Exercise objective: Output must consist only of the lines of the material below from the one with "台北・圓山大飯店のカウントダ" through the one with "民族主義反論オートマトンリズアールインスタントブーストスキントニックボトル200ミリリットル x4 - Liz", each reproduced exactly; no pictures belong in it.

Information provided:
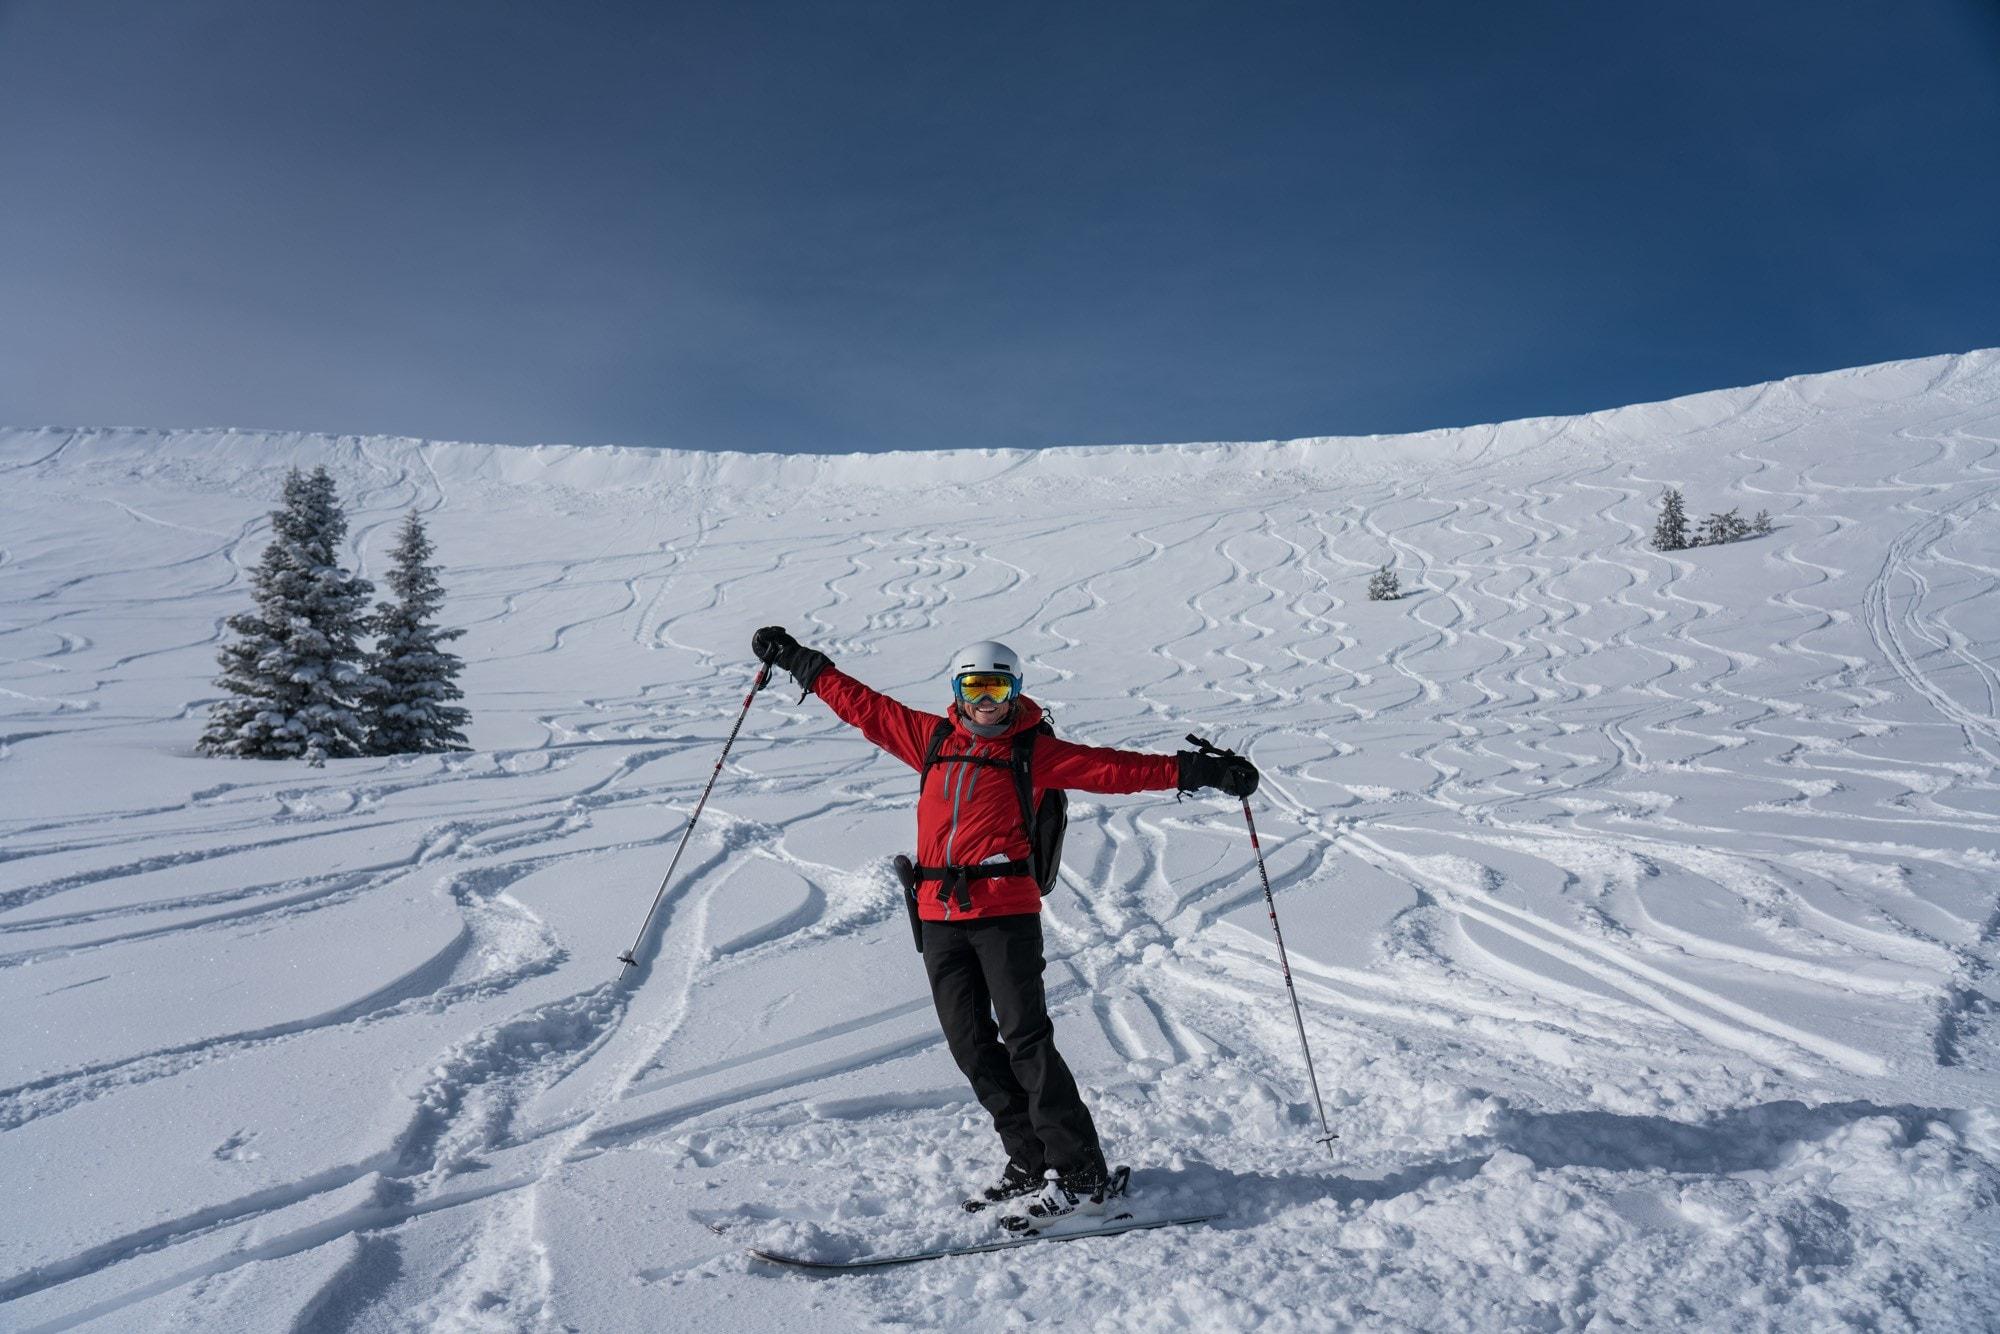 Skiing powder at Tamarack in Idaho
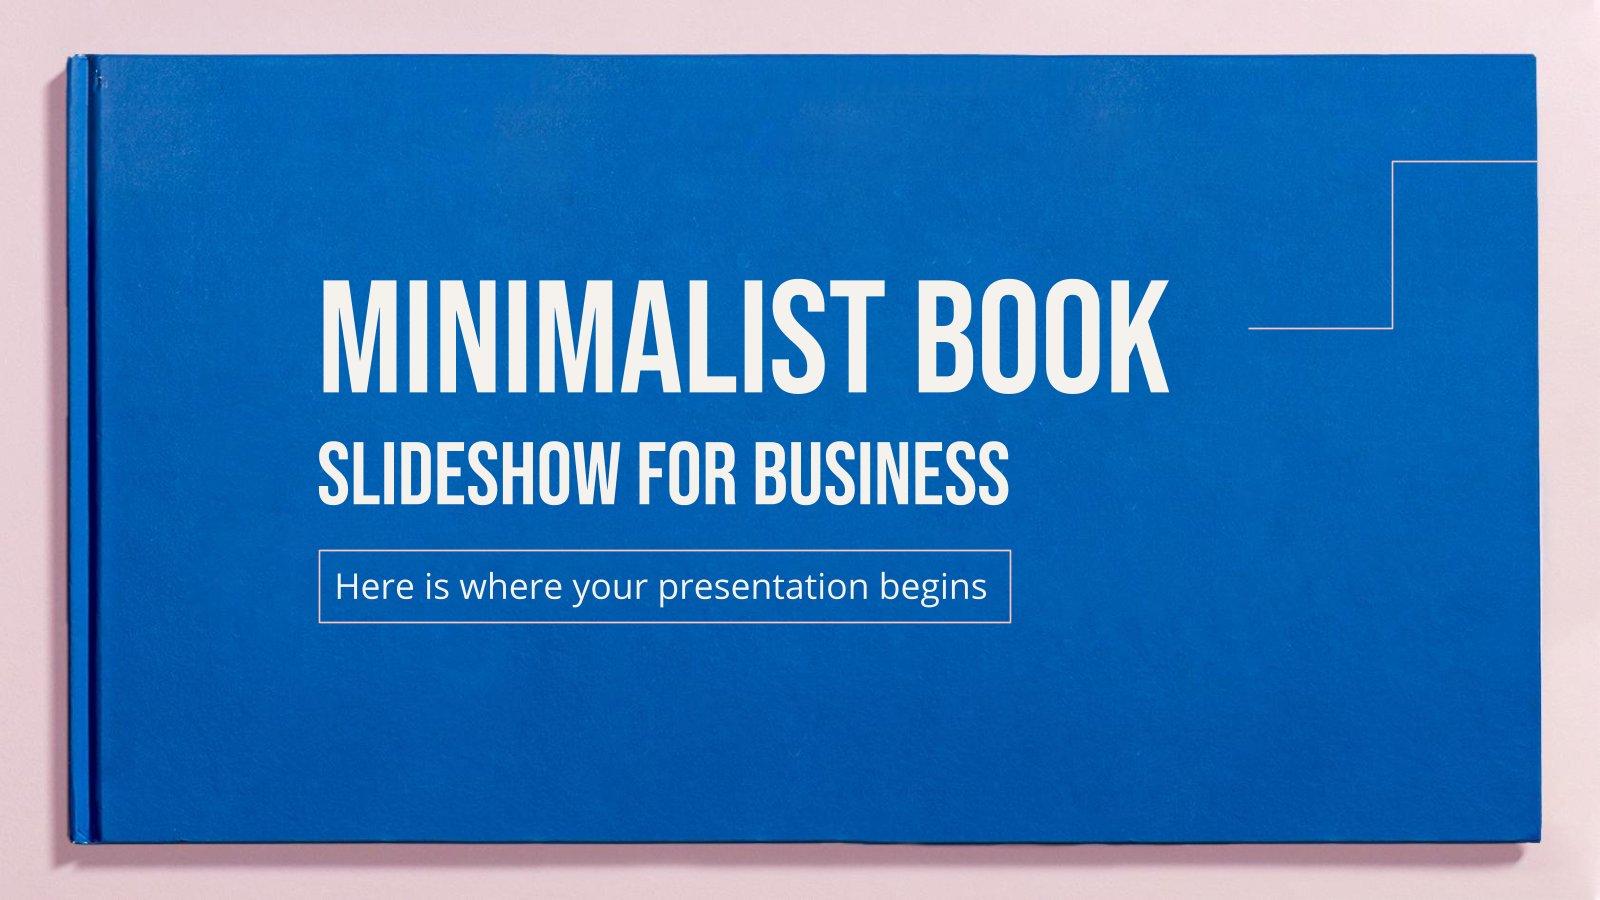 Modelo de apresentação Slideshow de livro minimalista para negócios
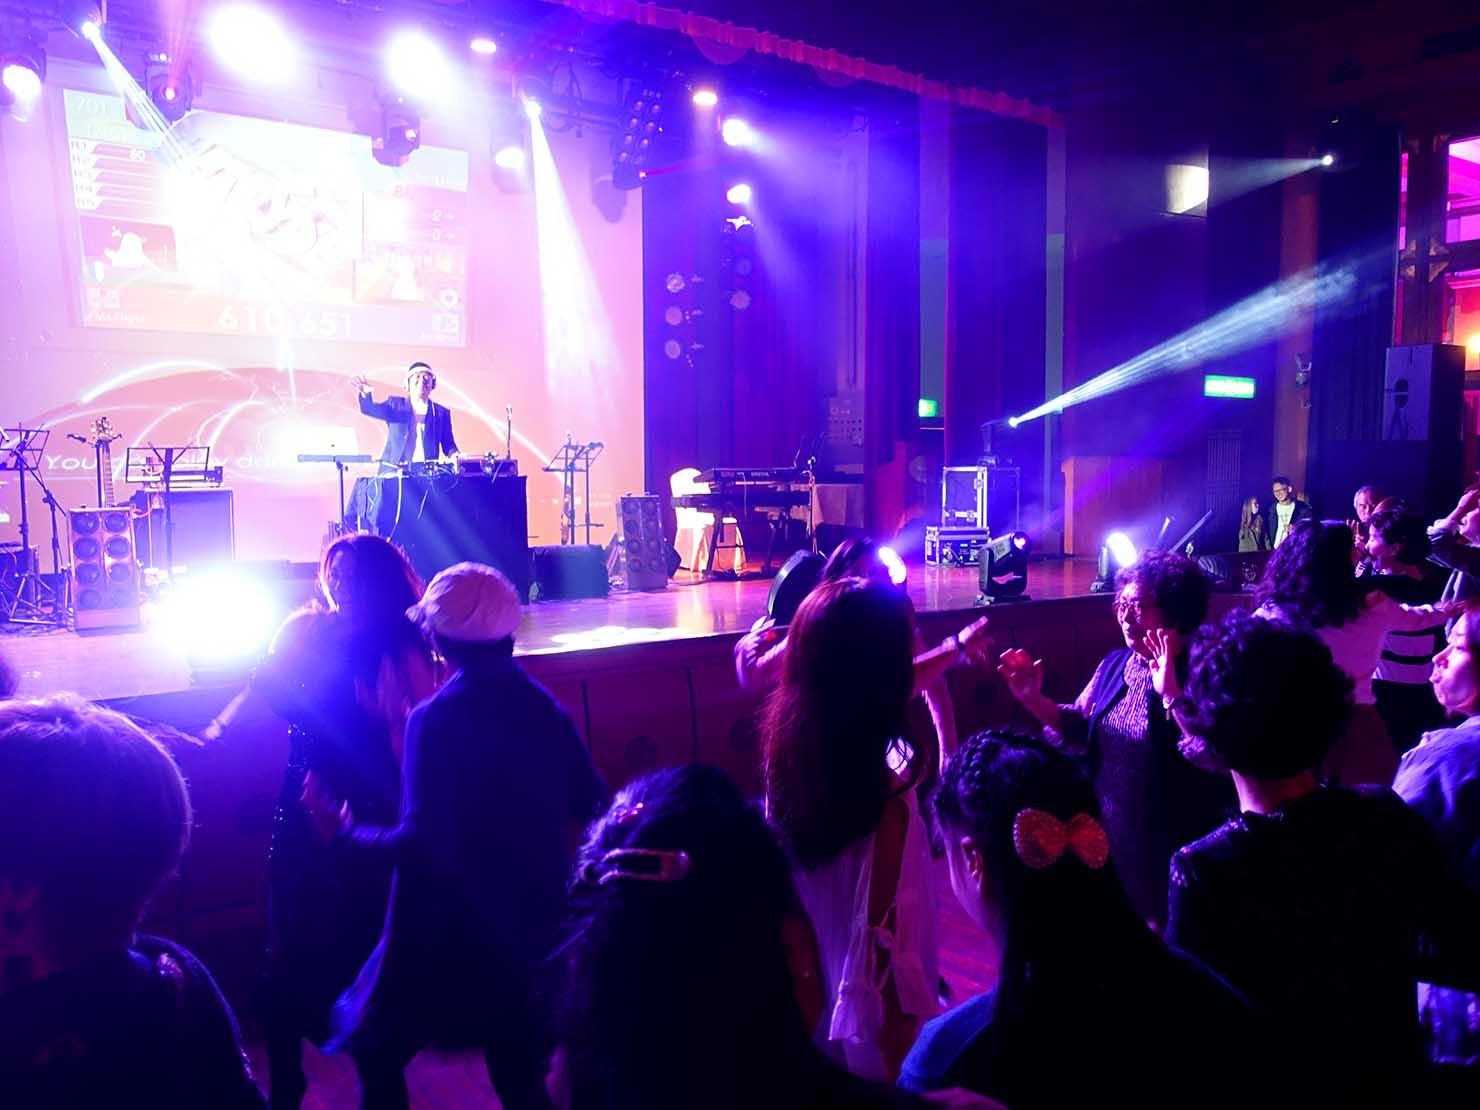 台北・圓山大飯店のカウントダウンパーティー「Bling Bling跨年派對」ステージに登場するDJ
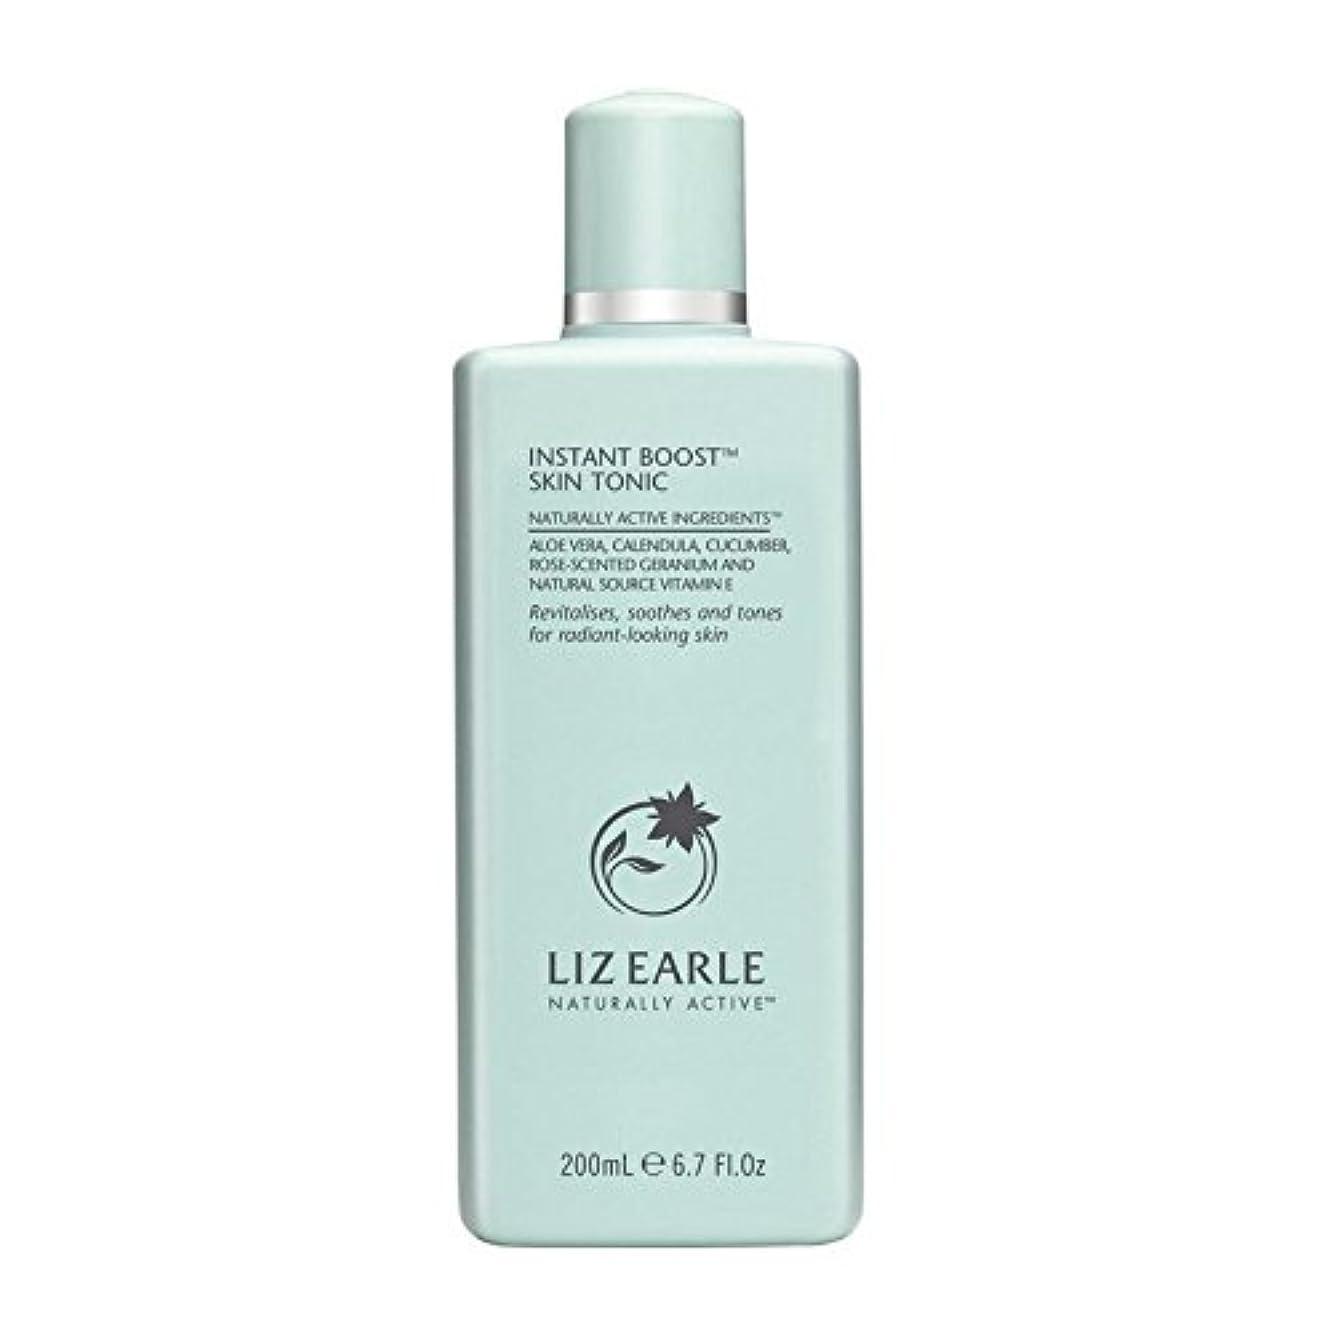 民族主義反論オートマトンリズアールインスタントブーストスキントニックボトル200ミリリットル x4 - Liz Earle Instant Boost Skin Tonic Bottle 200ml (Pack of 4) [並行輸入品]
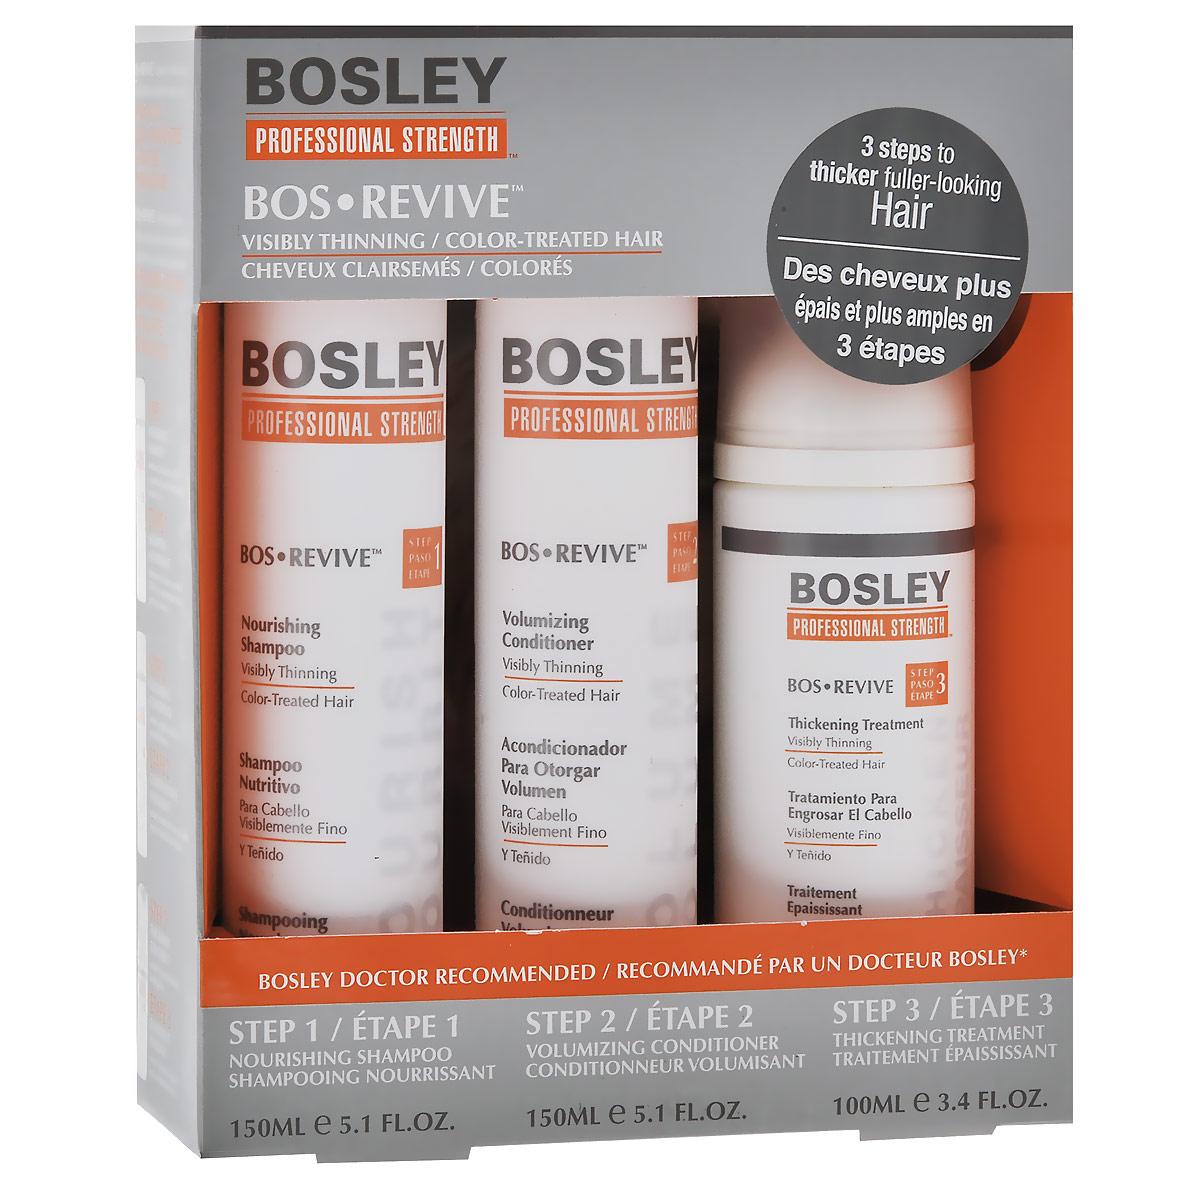 Bosley Набор для истонченных и окрашенных волос: шампунь, кондиционер, несмываемый уходOS-81652107Набор Bosley для истонченных и окрашенных волос состоит из шампуня, кондиционера и несмываемого ухода. Нежный, не содержащий сульфаты питательный шампунь Bosley, очищает, восстанавливает и омолаживает волосы и кожу головы. Выводит токсины, такие как ДГТ (основная причина истончения и выпадения волос) с кожи головы и заметно истонченных волос.Создает здоровую среду дляволос и кожи головы благодарякомплексу LifeXtend.Позволяет сохранить яркость цвета окрашенных волос на более длительный срок с помощью системы ColorKeeper. Кондиционер Bosley для объема предназначен для истонченных окрашенных волос. Не содержит парабенов, увеличивает объем.Экстракт водорослей способствует защите от фотостарения, частого мытья и механических повреждений в результате расчесывания.Содержит LifeXtend комплекс, который помогает стимулировать производство белка кератина в луковице волос и укрепляет всю структуру волоса.С помощью система ColorKeeper кондиционер сохраняет яркость цвета окрашенных волос на более длительный срок. Ежедневный несмываемый омолаживающий и питательный уход Bosley для заметно истонченных окрашенных волос. Восстанавливает и омолаживает волосы и кожу головы благодаря комплексу LifeXtend, помогая уменьшить действие ДГТ. Утолщающая технология добавляет силу и невесомый объем. Технология ColorKeeper сохраняет яркость цвета окрашенных волос на более длительный срок.Способ применения: наносить ежедневно на кожу головы и волосы после применения шампуня и кондиционера. Не смывать! Характеристики:Объем шампуня: 150 мл. Объем кондиционер: 150 мл. Объем ухода: 100 мл. Размер упаковки: 15 см х 5,5 см х 19 см. Производитель: США. Товар сертифицирован.

Solution to the exercise:
 台北・圓山大飯店のカウントダウンパーティー「Bling Bling跨年派對」ステージに登場するDJ
 民族主義反論オートマトンリズアールインスタントブーストスキントニックボトル200ミリリットル x4 - Liz Earle Instant Boost Skin Tonic Bottle 200ml (Pack of 4) [並行輸入品]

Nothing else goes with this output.